中級者には、週ベースでの各種目のボリュームが少ないかなと。メインリフトのセット数を増やすか、補助種目を追加したほうが良いと思います。あとロウ系種目がないのでそれも足したい。

後から調べたら、上に書いた改善点は、Boring But Big 2.0やBoring But Big Beefcakeといったオプションで対処されているようです。

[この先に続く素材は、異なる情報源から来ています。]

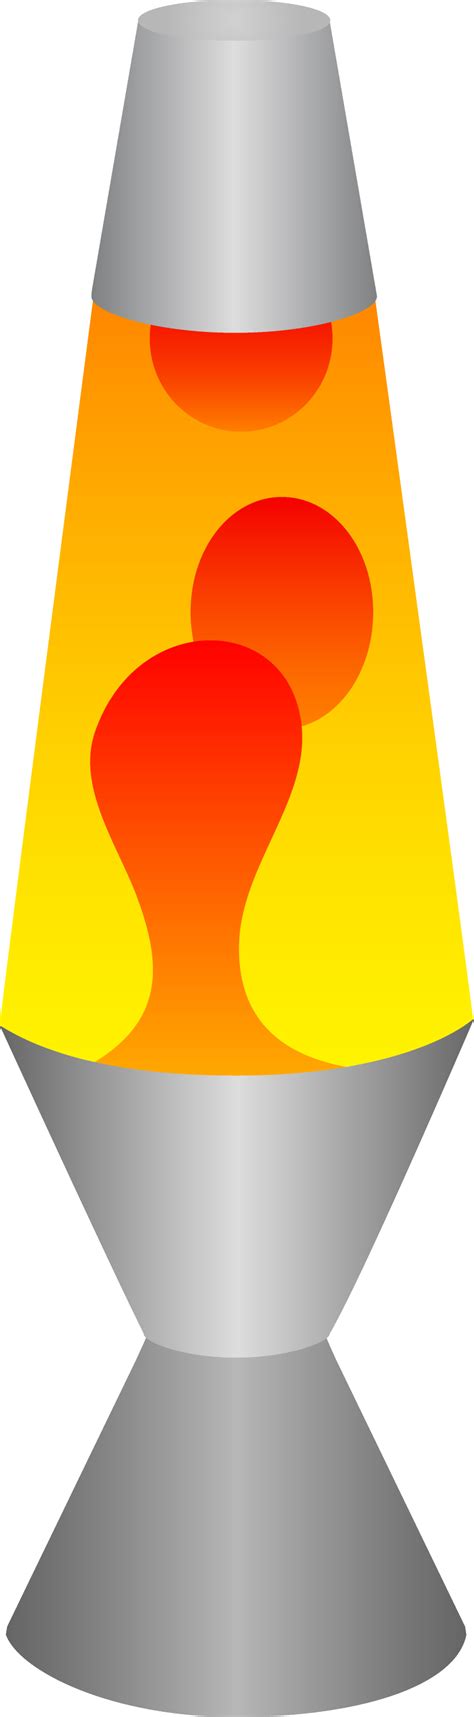 Lava Lamp Png Free Logo Image

The Jim Wendler BBB Program | The Ultimate Guide!
https://revolutionaryprogramdesign.com/531-boring-but-big/




5/3/1 Building the Monolith


<対象>

上級者


<プログラムタイプ>

レイヤー型


<特徴>

重量設定では1RMの85%のTM(トレーニングマックス)を参照する。

6週間で1サイクル。

3週目が終わったら、ベンチプレスとOHPはTMを+2.5kg、スクワットとデッドリフトはTMを+5.0kgして、4-6週目を行う。


[1週目]
月曜:
スクワット 5レップ×1セット@70%、5レップ×1セット@80%、5レップ×5セット@90%
OHP 5レップ×1セット@70%、5レップ×1セット@80%、5レップ×1セット@90%、5+×1セット@70%
懸垂 100レップ
フェイスプル 合計100レップ
ディップス 合計100-200レップ

水曜:
デッドリフト 5レップ×1セット@70%、5レップ×1セット@80%、5レップ×5セット@90%
ベンチプレス 5レップ×1セット@70%、5レップ×1セット@80%、5レップ×5セット@90%
ダンベルロウ 10-20レップ×5セット
アームカール 合計100レップ

金曜:
スクワット 5レップ×1セット@70%、5レップ×1セット@80%、5レップ×1セット@90%、20レップ×1セット@45%
OHP 5レップ×10セット@70%
加重懸垂 5レップ×5セット
フェイスプル 合計100レップ
シュラッグ 合計100レップ


[2週目]~[6週目]
メインリフトは基本的に5レップ。全体的に強度が5%~10%変動するがメニュー構成は同じ。セット数もほぼ同じ。金曜のOHPのセット数が変動する。



<コメント>

OHPのボリュームがすごい。5週目は金曜のOHPが5レップ×15セット@65%。

ベンチプレスは週1回7セットで少ないけど、ディップスとOHPのボリュームが多いから伸ばせるのかもしれない。

下半身のボリュームが足りない感じがする。

ただ、何の上級者を目指すプログラムなのかよくわからないです。メインリフトの重量を伸ばすのなら、もっとメインリフトに特化したほうがいいです。ボディビルだったらマシン・アイソレート中心にしたほうがいいし、ストロングマンだったら競技で行う種目の練習を中心にしたほうがいいです。他のアスリートだったら競技で使う筋肉や動作を分析してからプログラムとメニューを組んだほうがいいでしょう。

上級者になるほど、体力や回復力や時間面でリソース制約が厳しくなってきますし、適応同士の干渉(瞬発力と持久力を高いレベルで両立できない、アジリティとデカい体を両立できない、etc)が起きてくるので、目標となる適応の向上に役立たないトレーニングをやっている余裕はなくなってきます。